A combination of the following search terms were used: imaging of the white matter (“diffusion” or “tensor” or “tractography” or “TBSS” or “tract-based spatial statistics”) and depress∗, and adolescen∗. Per the Preferred Reporting Items for Systematic Reviews and Meta-Analyses (PRISMA) guidelines,²⁷ 2 separate online databases were searched, including PubMed and PsycINFO (Appendix 1). The search was originally conducted on July 21, 2021, and was updated August 3, 2022, to incorporate the most recently published literature. Records (abstract and title) were reviewed independently by 2 reviewers (P.R. and V.M. for the initial search, and P.R. and C.L. for the updated search) who determined which records met criteria for review of the full paper. The lists of full papers were compared and discussed by the 2 reviewers, and any discrepancies were resolved.

Per the PRISMA guidelines,²⁷ the 2 reviewers independently reviewed the full papers and determined whether these meet criteria for inclusion in the systematic review.

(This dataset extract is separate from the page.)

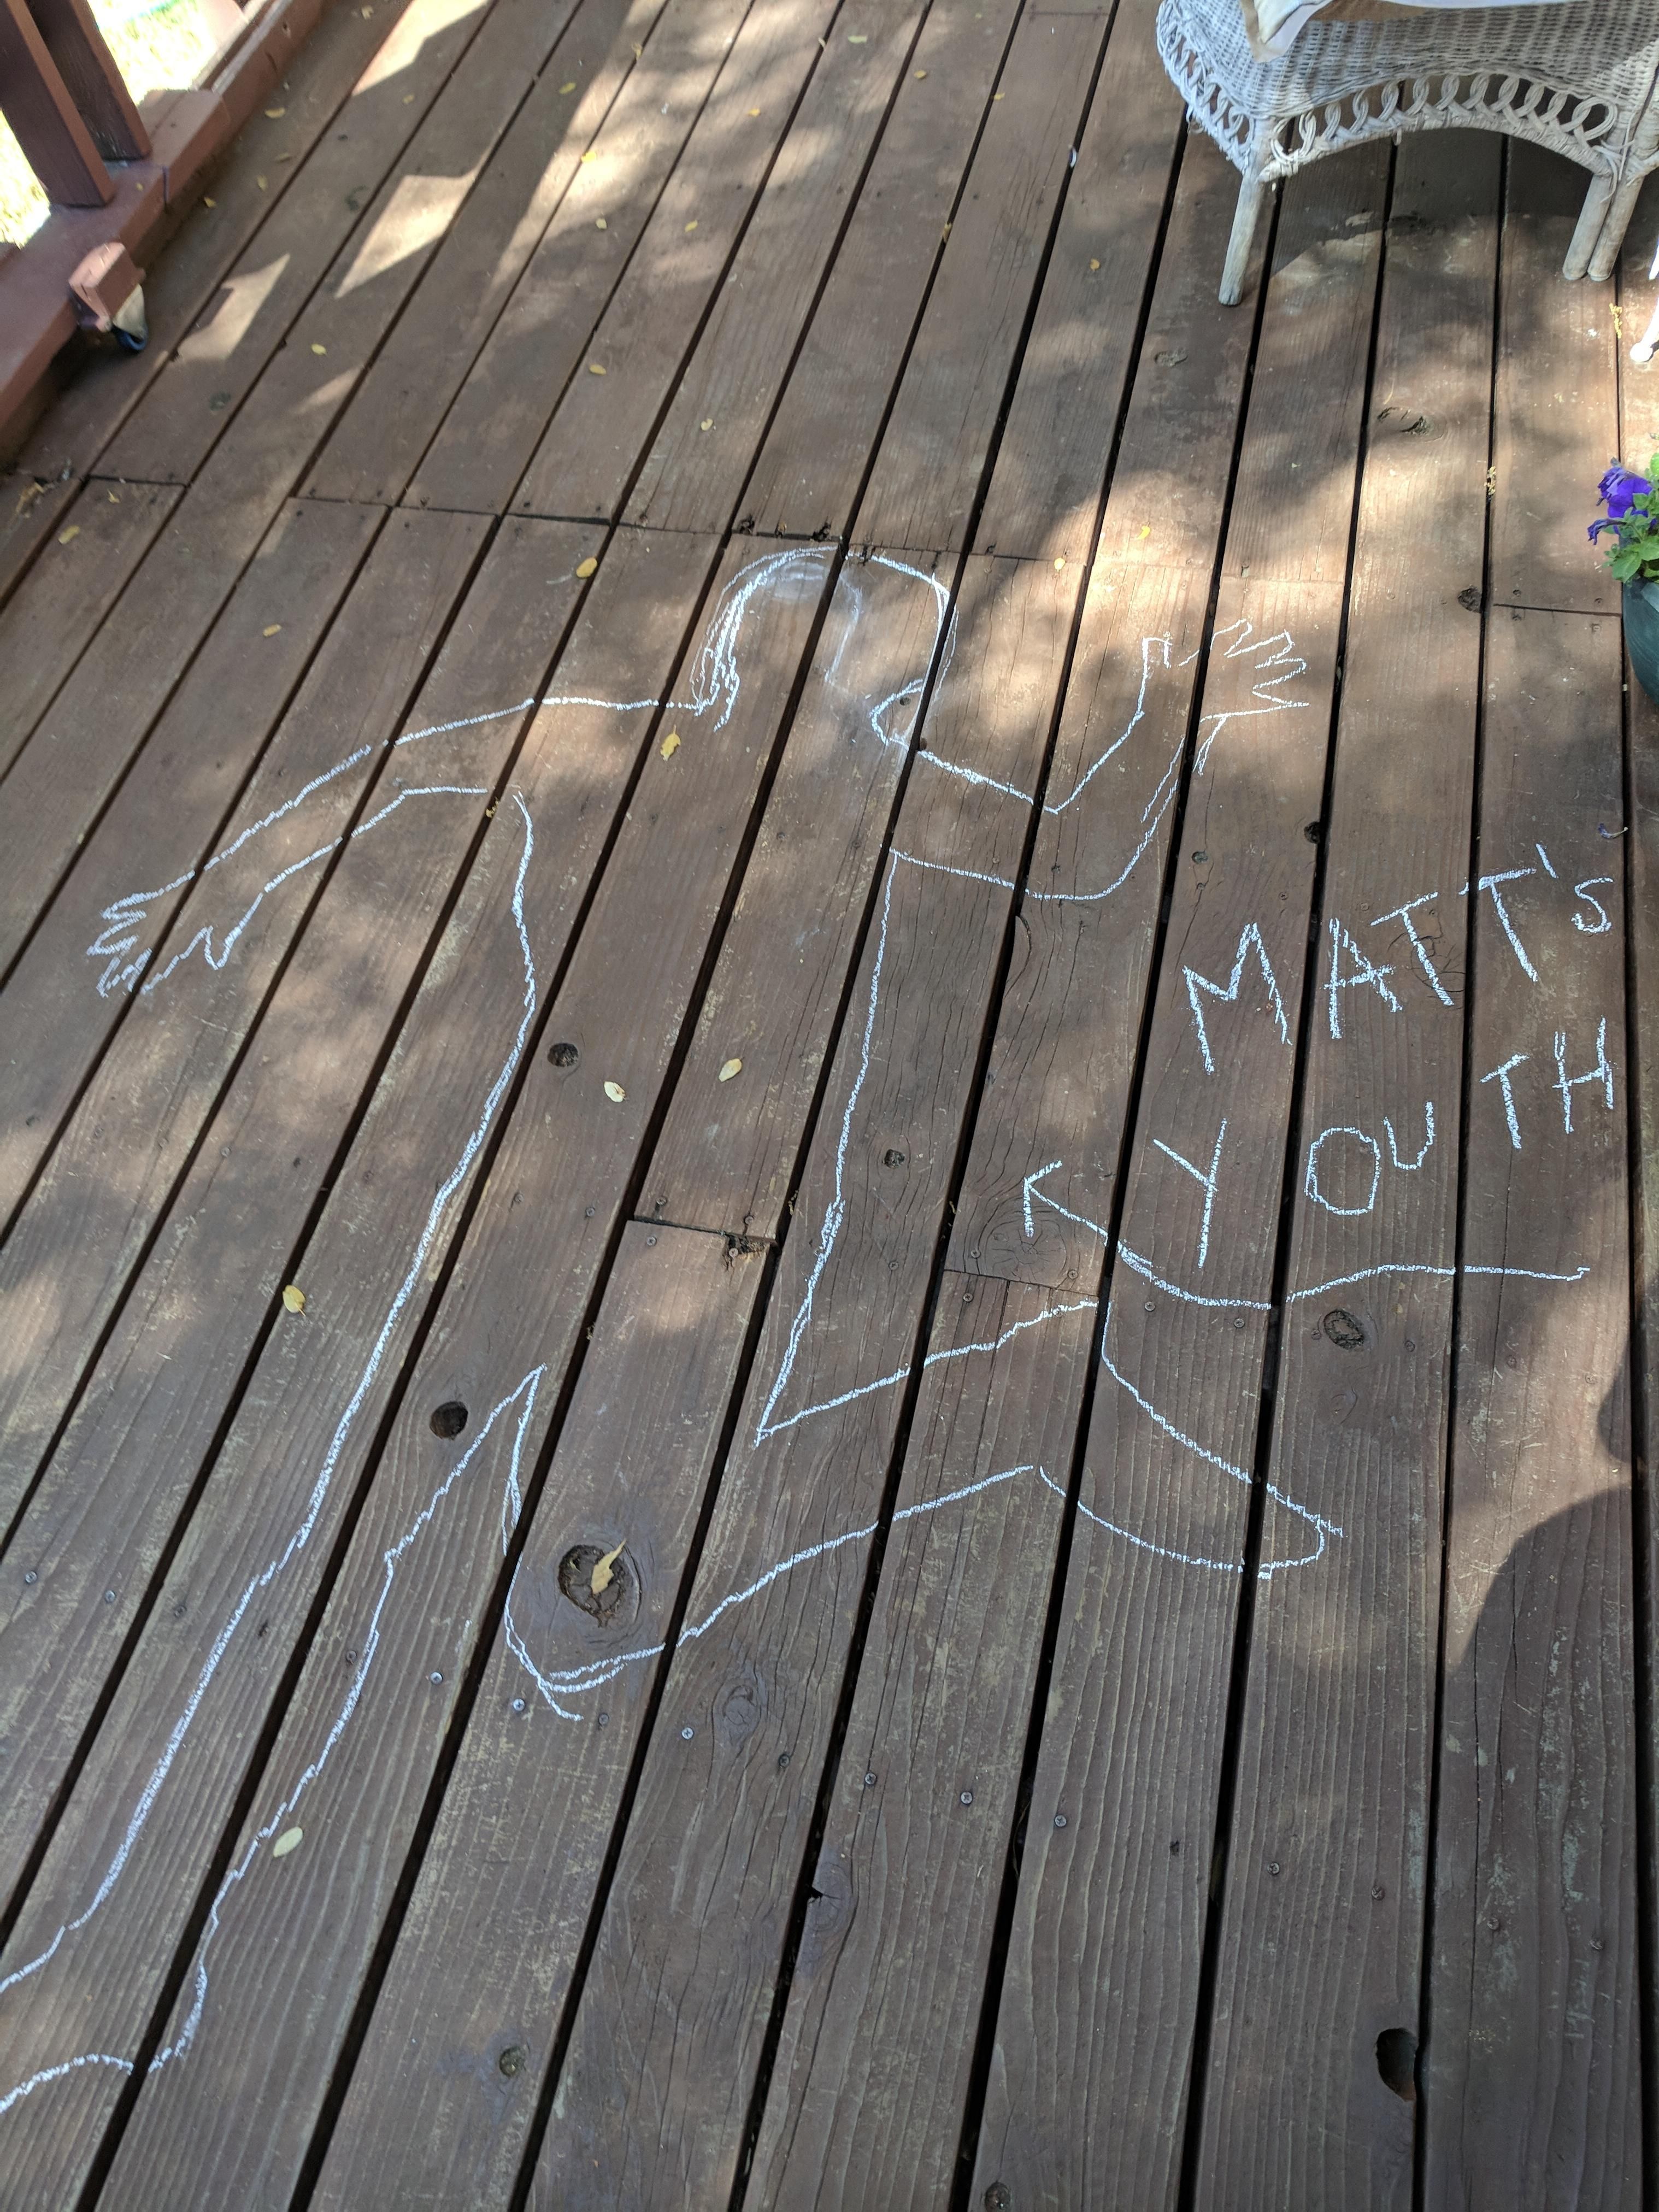 Turned 40 today. My kids greeted me with this tradegy on my front porch......

The reviewers compared their lists of articles to be included in the systematic review, and any discrepancies were resolved (if needed, by a third reviewer, D.P.D.). In addition, the 2 reviewers independently examined the reference lists of the selected full-text articles and identified any additional references that might be relevant for the systematic review. The reviewers discussed these lists and resolved any discrepancies; after independent assessment of any additional selected full-text articles by the 2 reviewers, the 2 reviewers discussed the finalized list of articles to be included in the systematic review and resolved any discrepancies (if needed, by a third reviewer, D.P.D.).

Critical Appraisal

Initially, studies were classified into whole-brain studies (tract-based spatial statistics [TBSS], whole-brain voxel-based studies) vs region of interest (ROI) studies/tractography, although several additional types of analyses were identified (including TBSS-ROI and connectome-based analyses). Our plan was that if a sufficient number of studies using similar methodology were identified, a meta-analysis would be conducted (see Data Collection and Synthesis section below), and publication bias would be assessed via funnel plots for each studied brain region.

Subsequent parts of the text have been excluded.